Summary:ASTERISK-13710: [patch] Race condition between bridge and channel masquerading
Reporter:Guillermo Winkler (guillecabeza)Labels:
Date Opened:2009-03-08 16:07:07Date Closed:2009-03-11 17:01:47
Priority:CriticalRegression?No
Status:Closed/CompleteComponents:Core/Channels
Versions:Frequency of
Occurrence
Related
Issues:
Environment:Attachments:( 0) channel.c.179741._issue_14623.patch
( 1) channel.c.179741.issue14623.patch2
( 2) channel.c.patch
( 3) issue_14623_1.4.diff.txt
Description:The bridge checks for zombieness

/* Stop if we're a zombie or need a soft hangup */
if (ast_test_flag(c0, AST_FLAG_ZOMBIE) || ast_check_hangup_locked(c0) ||
   ast_test_flag(c1, AST_FLAG_ZOMBIE) || ast_check_hangup_locked(c1)) {

To see if some of the channels is going through a masquerading, but non atomically, access to channel member variables happens a few lines later

if (!ast_strlen_zero(pbx_builtin_getvar_helper(c0, "BRIDGEPEER")))
    pbx_builtin_setvar_helper(c0, "BRIDGEPEER", c1->name);

Without locking on those acceses. That causes random crashes when the memory is touched or free'd later.


****** ADDITIONAL INFORMATION ******

The channels should be locked before touching ->name and using getvar/setvar helpers.

There is some complexity regarding locking both channels in order to leave the code as it is cause it should be tone using trylock in order to avoid deadlocks, the other alternative is to move all the accesses to variables and locking the channels in order.
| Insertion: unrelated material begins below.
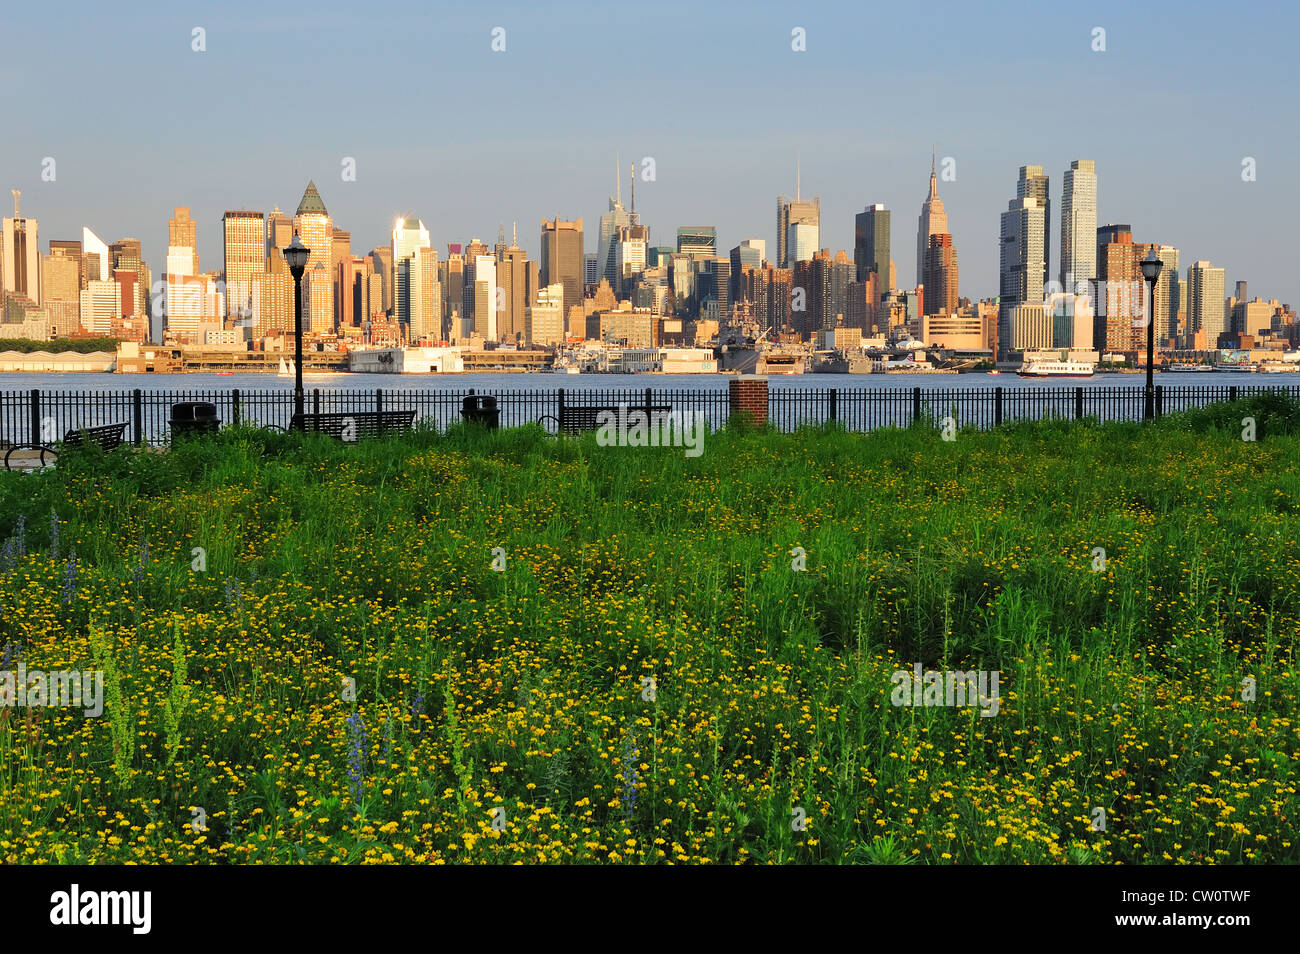 New York City Manhattan Midtown Skyline-Blick vom New Jersey Hudson River Waterfront Park mit grünen Rasen bei Sonnenuntergang. Stockfoto

If I'm told which alternative is preferable I'll submit that patch.
Comments:By: Guillermo Winkler (guillecabeza) 2009-03-08 16:09:19

Same problem occurs in 1.2/1.4/1.6

By: Tilghman Lesher (tilghman) 2009-03-08 20:33:07

When you're reporting a crash, we'd really prefer if you could submit a stack backtrace, as detailed in doc/backtrace.txt, along with the report.  If you'd like to submit a patch as well, that would be fine.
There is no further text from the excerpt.